The image to the left is artistic rendering of the Arabic translation of the First Commandment.
Ed. Note: This is the first post in a series of ten which will be presented as a “count-up” to Shavuot. The text comes from TBS congregant Rob Spiegel who presented these words at a special congregational meeting celebrating the passage of our new By-Laws. Please join the conversation by adding your personal reflection of the 1st Commandment as a comment to this post. What does the 1st commandment mean today? Given the recent changes in Egypt, what does it mean to remember that we were “brought out of the land”? Where do you feel most at home?
I, Adonai your God, (am the one) who brought you out of the land of Egypt, from a slave house.
In performing this text study, we are looking forward to Shavout and the adoption of new bylaws for TBS. But, for a moment, allow me to look back to Pesach and ask how is this Commandment different from the other commandments. Are we being told by God to do something or refrain from doing something? Or, are we being told to believe?

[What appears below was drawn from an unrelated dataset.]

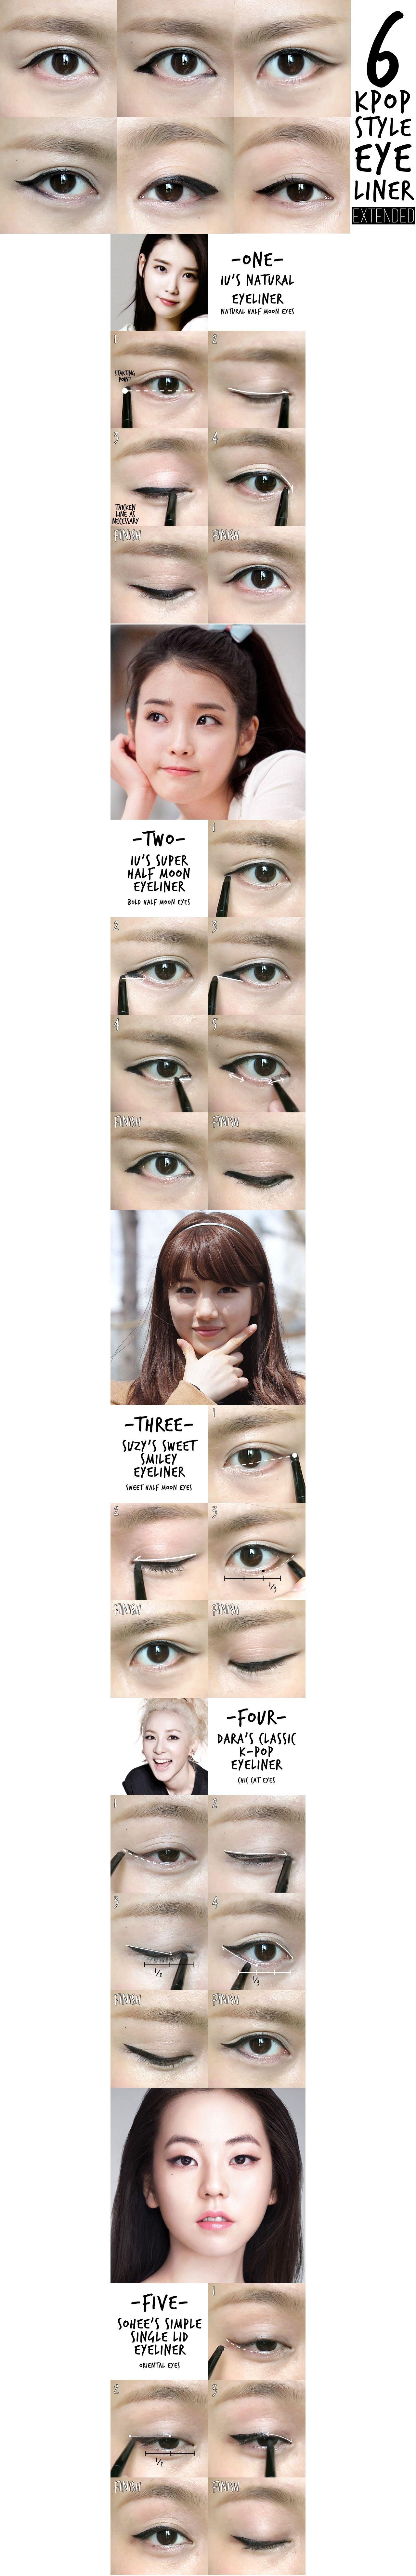 6 k pop eyeliner ⭐️⭐️  #JoinNerium #DebbieKrug #NeriumKorea www.AsianSkincare.Rocke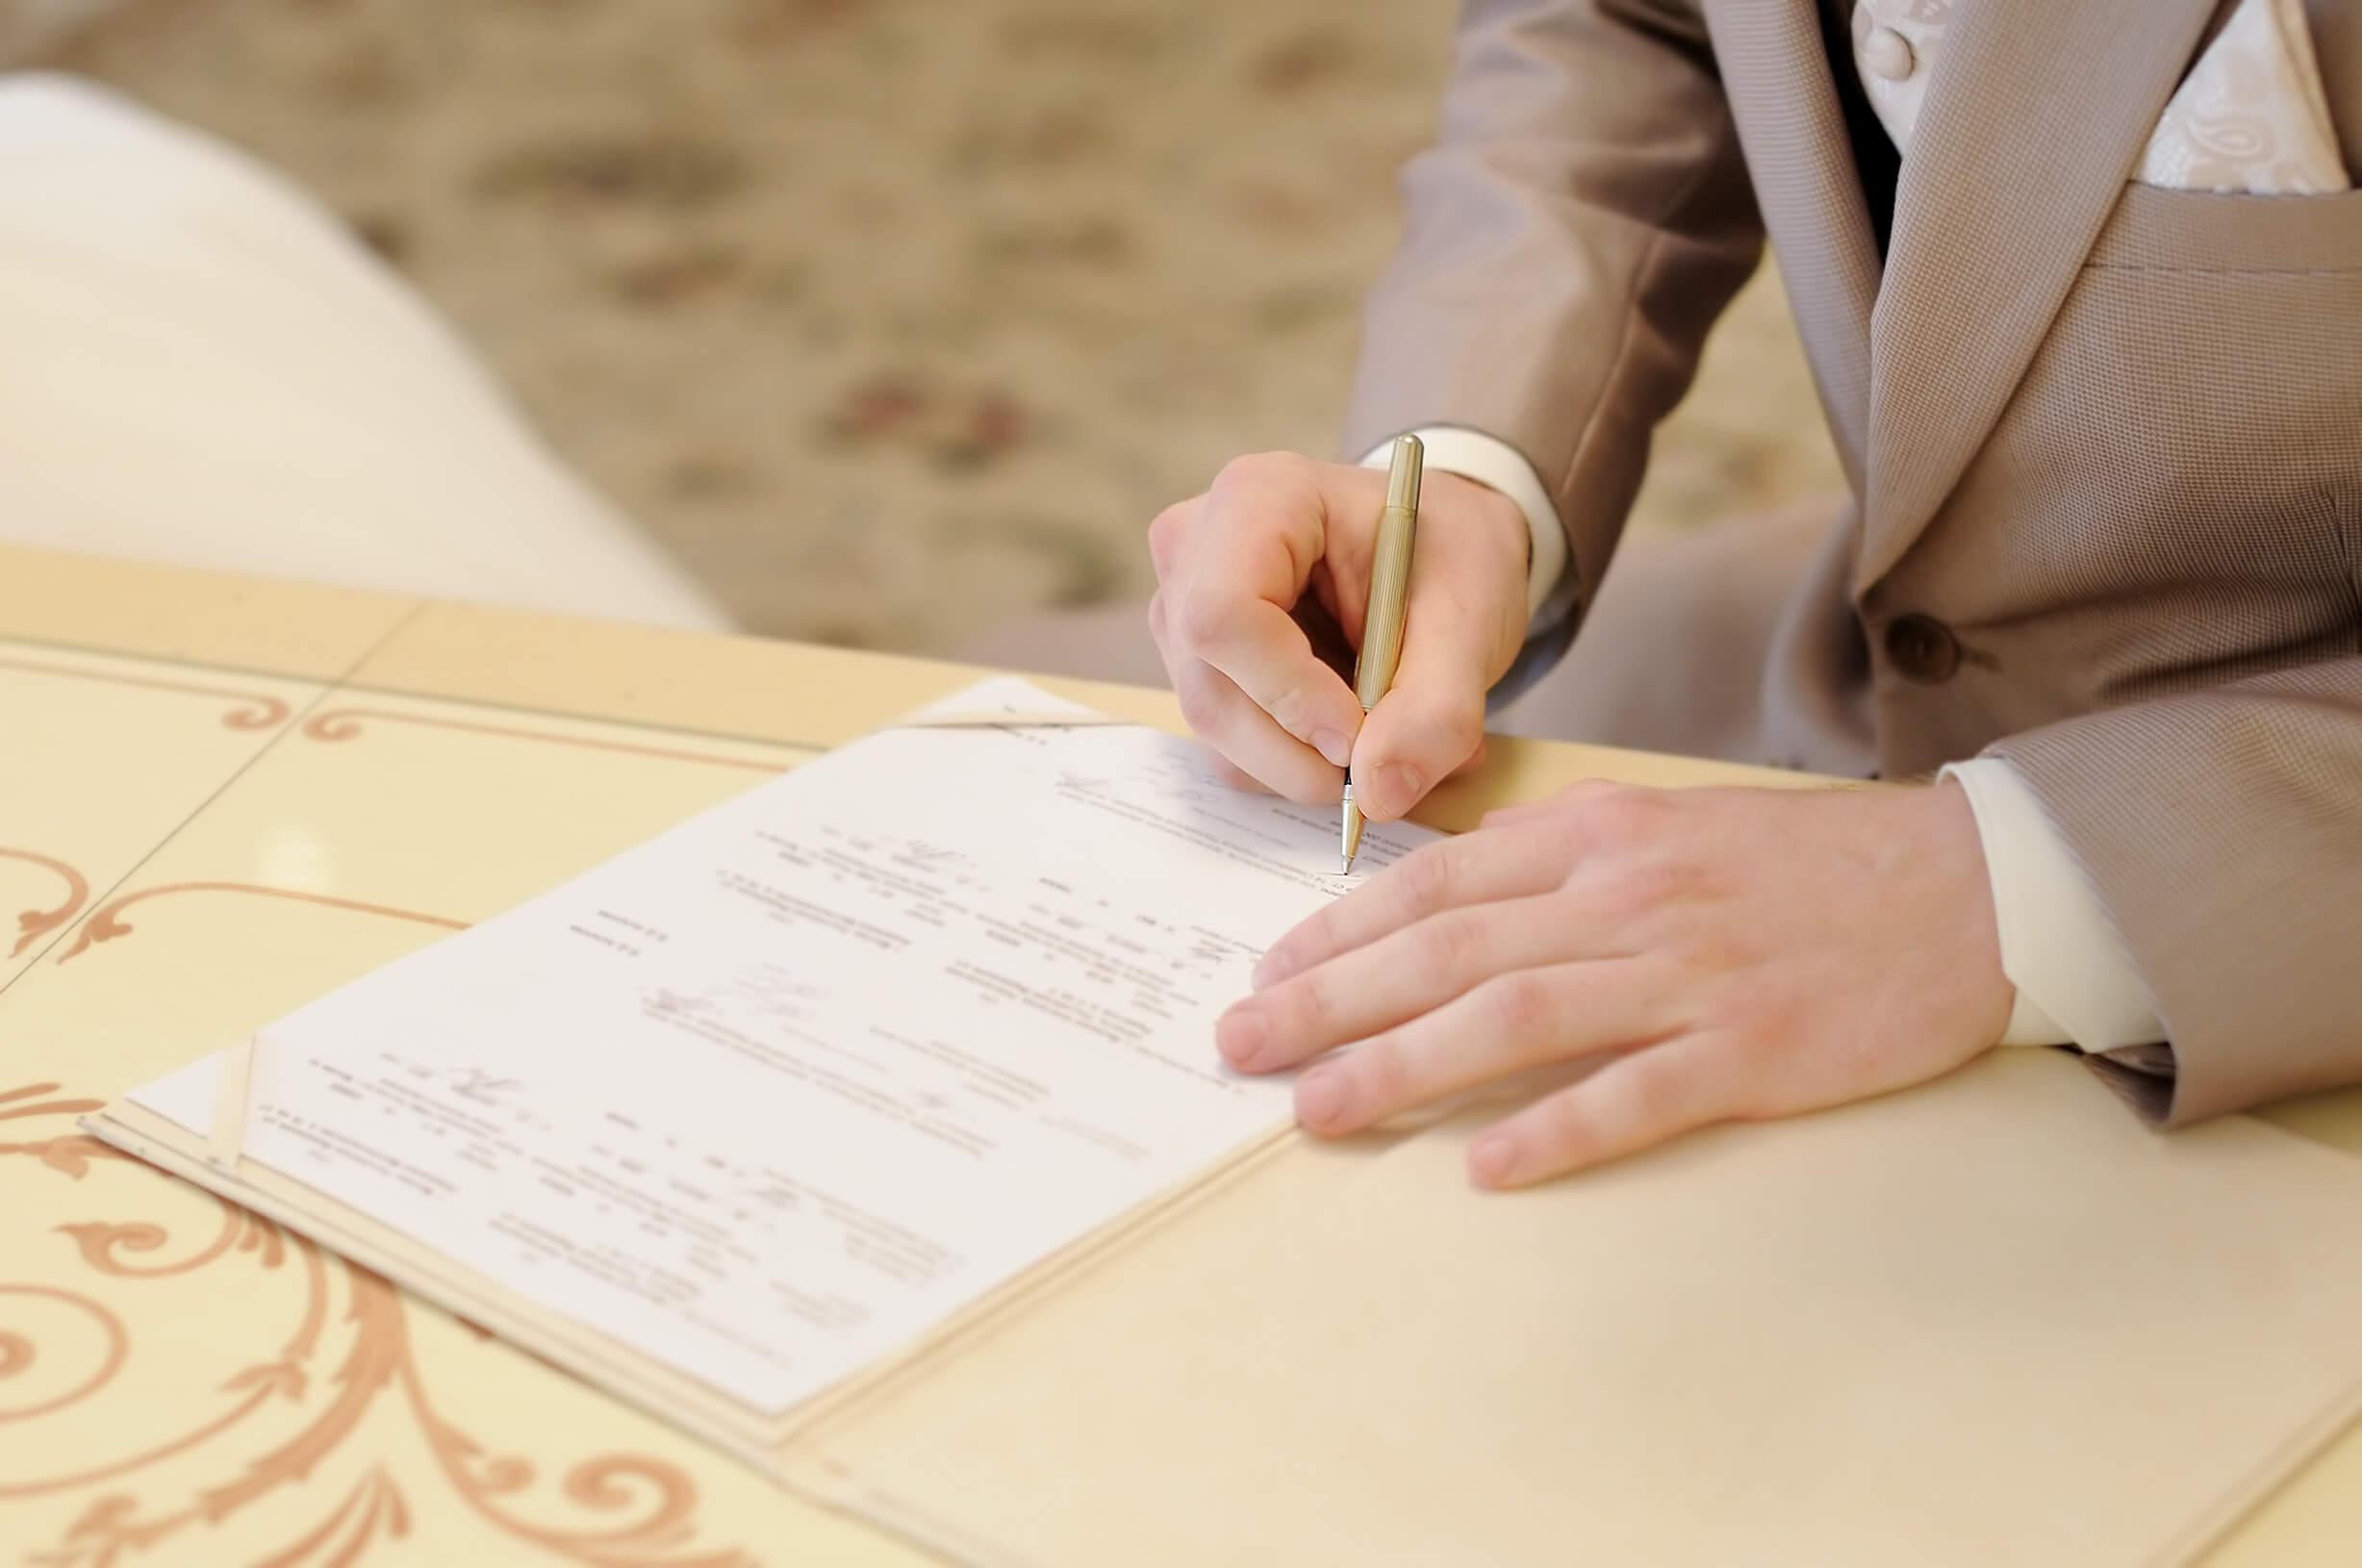 Для регистрации брака нужна ли прописка

Is it possible for God to command belief?
Commentators differ, and we could discuss this point for hours, not the couple of minutes I have now. But, as we are reminded at Pesach, we were each individually and together as a community brought by God out of Egypt, out of a slave house. Consider the drama of the situation of the people actually there at the time. Having been slaves and having seen the plagues, hastily prepared to leave Egypt, crossing the sea into the desert, and watching Moses bring the tablets from Sinai, this commandment served to inform them, and continues to remind each of us and our community as a whole, who is responsible for freedom and who therefore has the authority to give the law.
When I was in college, I spent a semester abroad in Israel. Like so many, being in Israel was a deeply meaningful experience and I felt more connected to the Jewish people. During that semester I did a week-long side trip to Egypt. My feeling of connection to our people was even greater when I returned to Israel. When I returned, I felt at home, maybe more a part of our people than ever before or since in my life.
We here continue to be part of this community, and here at TBS we are a community within a larger Jewish Community. In accepting the nomination to serve on the Board of Trustees, I hope to continue to work to build community within the TBS community/communities.